3. **Material Properties:**
- **Superconductors:** At temperatures below their critical point, superconductors exhibit zero resistance, leading to an entirely different electrical behavior compared to ordinary conductors.
- **Nonlinear Resistors:** Components like thermistors and varistors have resistance that varies nonlinearly with temperature or voltage.
4. **Nonlinear I-V Characteristics:**
- Non-ohmic conductors often exhibit nonlinear current-voltage (I-V) characteristics. For example, in a transistor, the current through the device depends on the voltage across it and other factors like the gate voltage (in FETs).
5. **Physical Effects:**
- **Nonlinear Effects:** Some materials exhibit nonlinear effects such as piezoelectric effects, where mechanical stress changes the electrical resistance, or magnetic effects in magnetoresistors.
### Examples of Non-Ohmic Behavior
- **Diodes:** They allow current to flow easily in one direction but restrict it in the opposite direction, showing a nonlinear I-V characteristic.

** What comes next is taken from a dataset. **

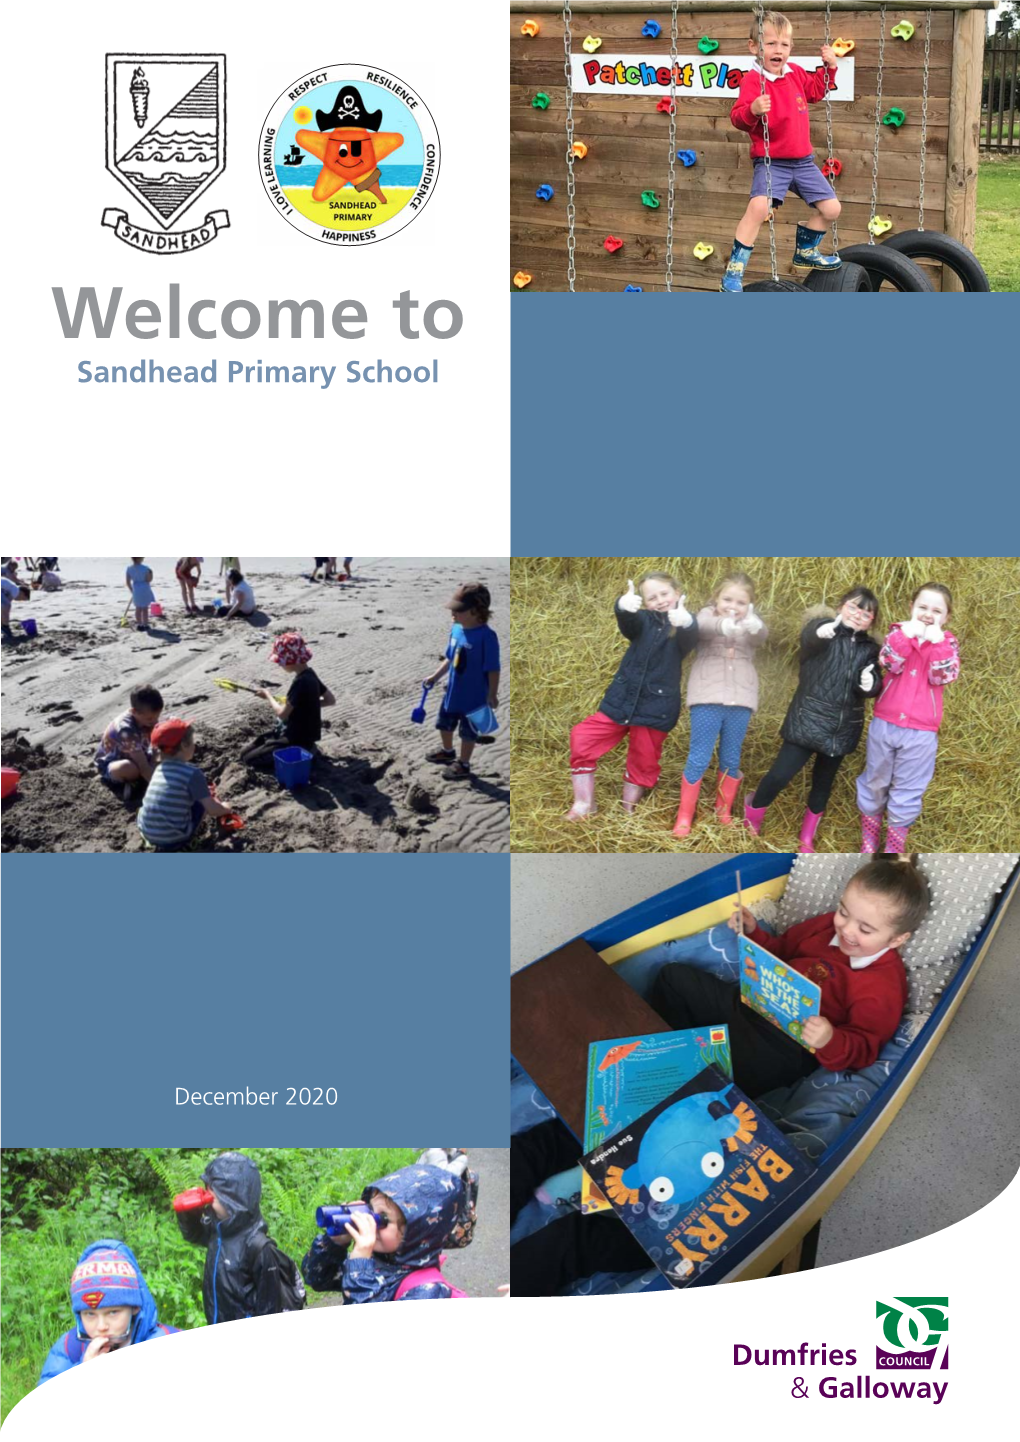 Sandhead Primary School

- **Transistors:** The current flow through a transistor depends on multiple factors, including the base-emitter voltage in a BJT or the gate voltage in a MOSFET.
- **Filament Lamps:** As the filament heats up, its resistance increases, resulting in a non-linear relationship between voltage and current.
In summary, non-ohmic conductors deviate from Ohm's Law because their resistance changes with factors like voltage, current, temperature, and material properties. This results in a nonlinear relationship between voltage and current, unlike ohmic conductors where resistance remains constant over a range of applied voltages and currents.